WORK INSTRUCTION - Could you give the data below again exactly, apart from the pictures?

GIVEN DATA -
━━━━━━━━━━━━━━━━━━━━━━━━━━━━━━

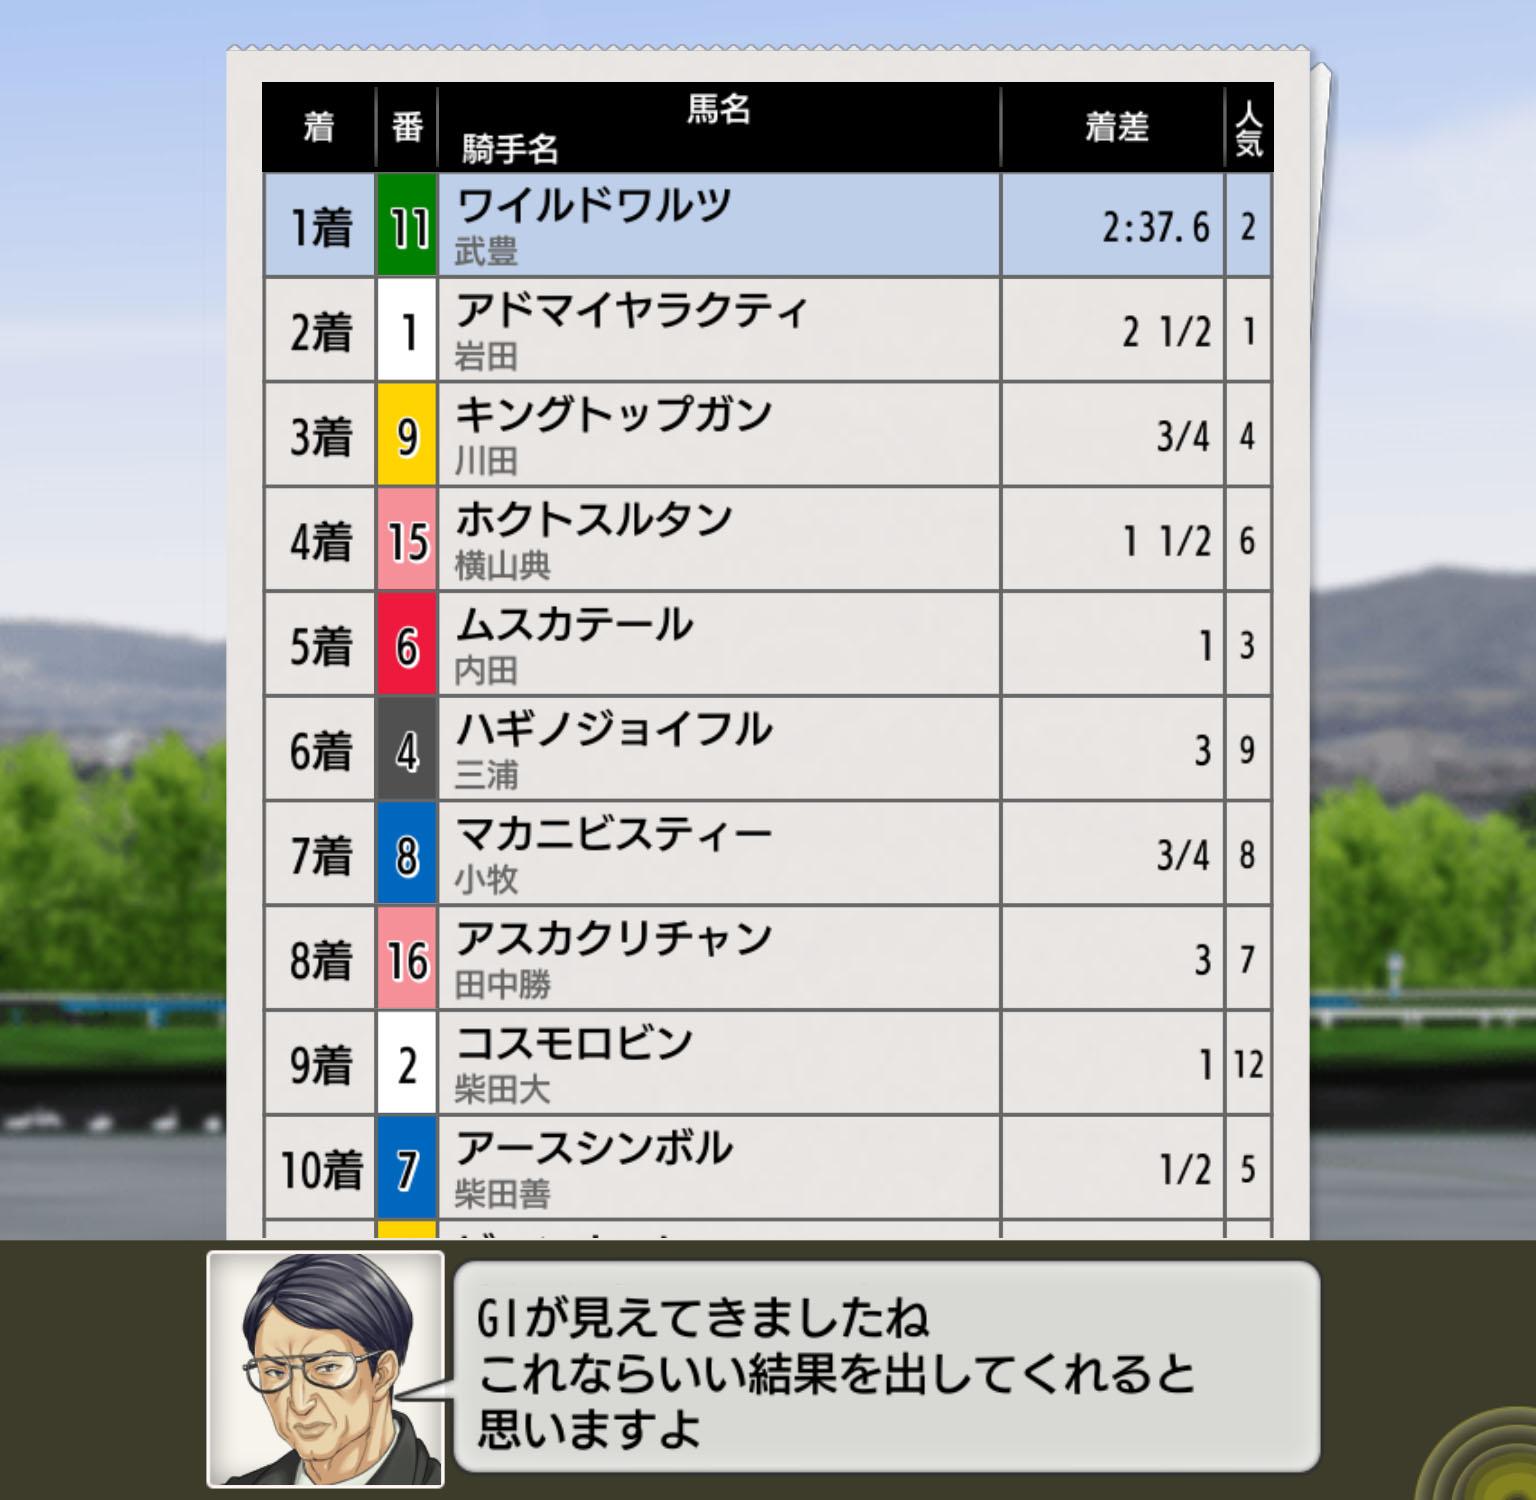 ダービースタリオン マスターズ【ストーリー5話攻略】:配合理論を覚えて産経大阪杯を勝利しよう!
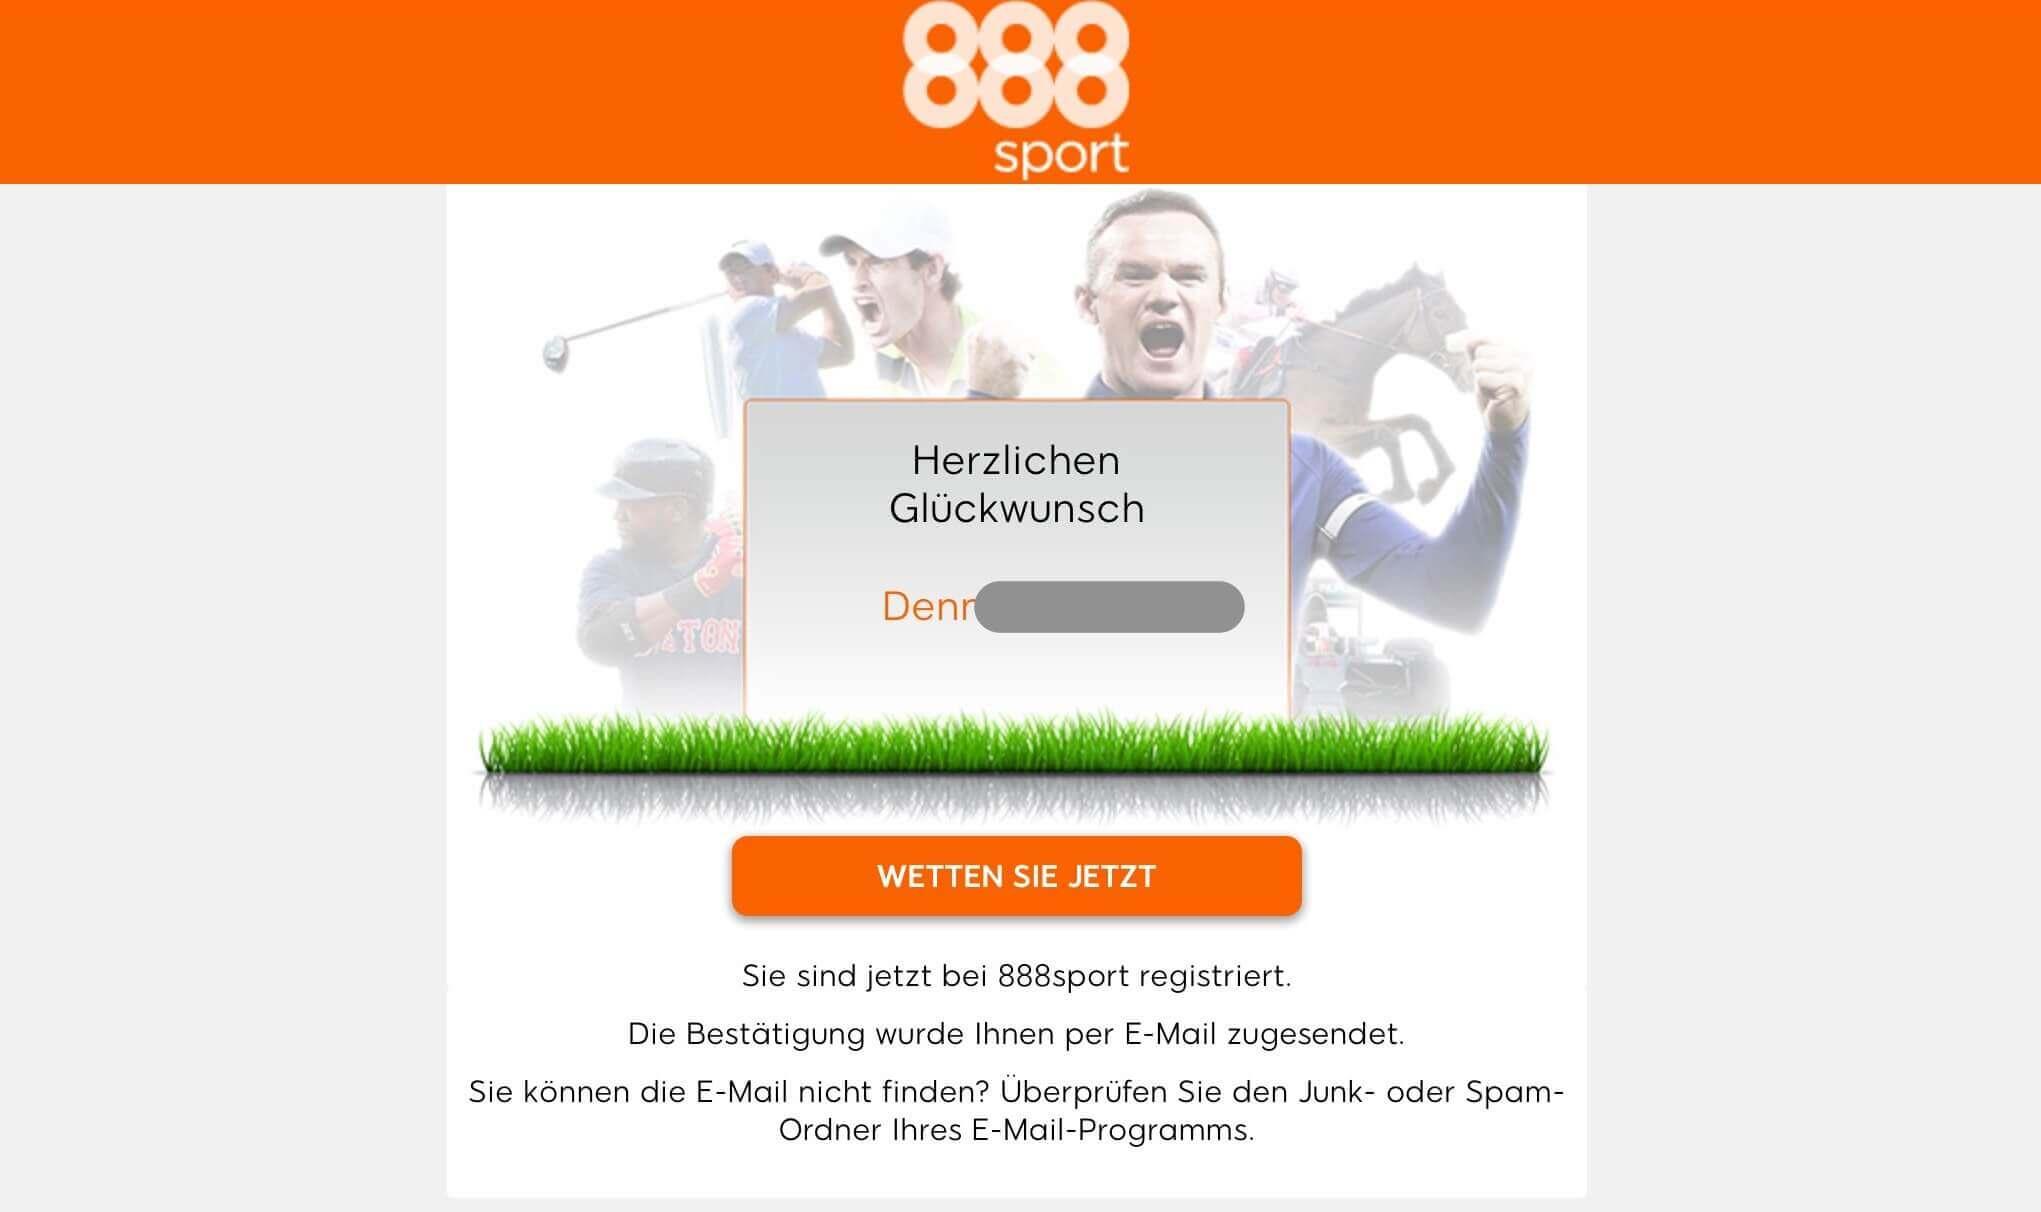 888sport Reg Fin
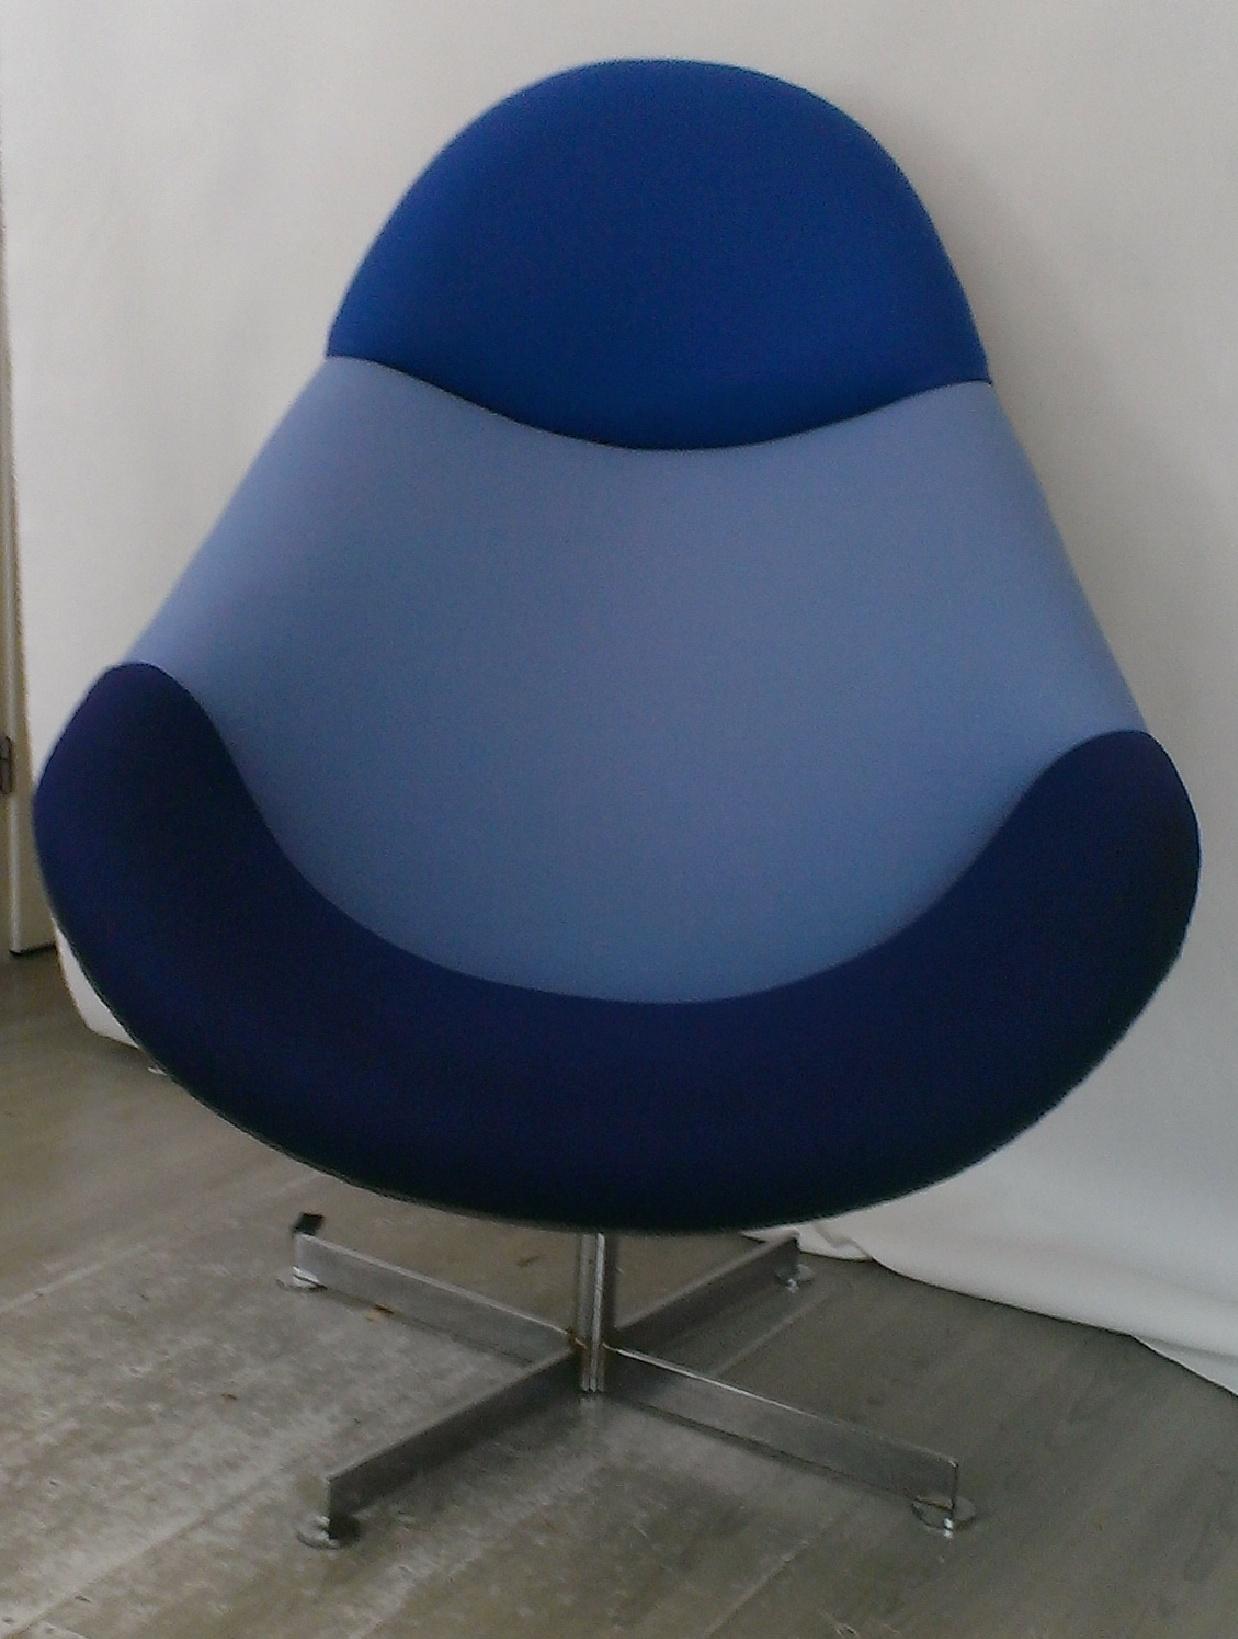 Moderne stoel in 3 kleuren stof van Kvadrat, Hallingdal

━━━━━━━━━━━━━━━━━━━━━━━━━━━━━━

TASK OUTPUT -
 ダービースタリオン マスターズ【ストーリー5話攻略】:配合理論を覚えて産経大阪杯を勝利しよう!
 888sport Reg Fin
 Moderne stoel in 3 kleuren stof van Kvadrat, Hallingdal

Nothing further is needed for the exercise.